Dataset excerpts
■ ■ ■ ■ ■

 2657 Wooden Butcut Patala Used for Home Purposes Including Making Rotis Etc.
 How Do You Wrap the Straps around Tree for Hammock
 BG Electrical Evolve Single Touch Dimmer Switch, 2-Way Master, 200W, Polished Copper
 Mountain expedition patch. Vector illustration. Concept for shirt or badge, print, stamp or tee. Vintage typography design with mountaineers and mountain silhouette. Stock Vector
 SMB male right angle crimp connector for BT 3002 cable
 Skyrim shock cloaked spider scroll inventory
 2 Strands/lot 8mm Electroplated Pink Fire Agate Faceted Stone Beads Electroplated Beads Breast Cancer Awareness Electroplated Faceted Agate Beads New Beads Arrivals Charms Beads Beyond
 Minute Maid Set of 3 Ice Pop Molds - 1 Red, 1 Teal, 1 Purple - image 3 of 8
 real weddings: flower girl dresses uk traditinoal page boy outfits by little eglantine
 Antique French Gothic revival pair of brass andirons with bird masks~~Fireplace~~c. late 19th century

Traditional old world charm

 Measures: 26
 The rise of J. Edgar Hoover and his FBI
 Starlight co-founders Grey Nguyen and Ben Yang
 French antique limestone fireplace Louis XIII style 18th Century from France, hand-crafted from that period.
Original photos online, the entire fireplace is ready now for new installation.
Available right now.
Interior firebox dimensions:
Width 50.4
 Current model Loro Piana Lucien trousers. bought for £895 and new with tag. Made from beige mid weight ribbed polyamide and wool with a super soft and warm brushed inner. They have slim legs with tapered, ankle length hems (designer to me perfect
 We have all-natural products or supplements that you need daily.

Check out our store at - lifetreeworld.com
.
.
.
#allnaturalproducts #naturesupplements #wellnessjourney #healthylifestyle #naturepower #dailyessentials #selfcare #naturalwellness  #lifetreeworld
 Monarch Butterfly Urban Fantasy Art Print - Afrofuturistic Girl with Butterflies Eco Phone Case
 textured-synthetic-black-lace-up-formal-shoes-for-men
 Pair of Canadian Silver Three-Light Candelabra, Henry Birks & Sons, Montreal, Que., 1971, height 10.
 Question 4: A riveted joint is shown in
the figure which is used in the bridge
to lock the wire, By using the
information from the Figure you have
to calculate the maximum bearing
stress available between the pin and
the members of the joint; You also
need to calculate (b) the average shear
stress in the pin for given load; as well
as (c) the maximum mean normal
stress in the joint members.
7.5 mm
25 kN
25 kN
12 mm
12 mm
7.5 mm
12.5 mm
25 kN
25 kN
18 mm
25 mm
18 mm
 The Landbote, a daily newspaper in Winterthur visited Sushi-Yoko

■ ■ ■ ■ ■

**WORK TASK**:
Provide the number of lines in the entries that include "right", and no other text.

**RESULT**:
2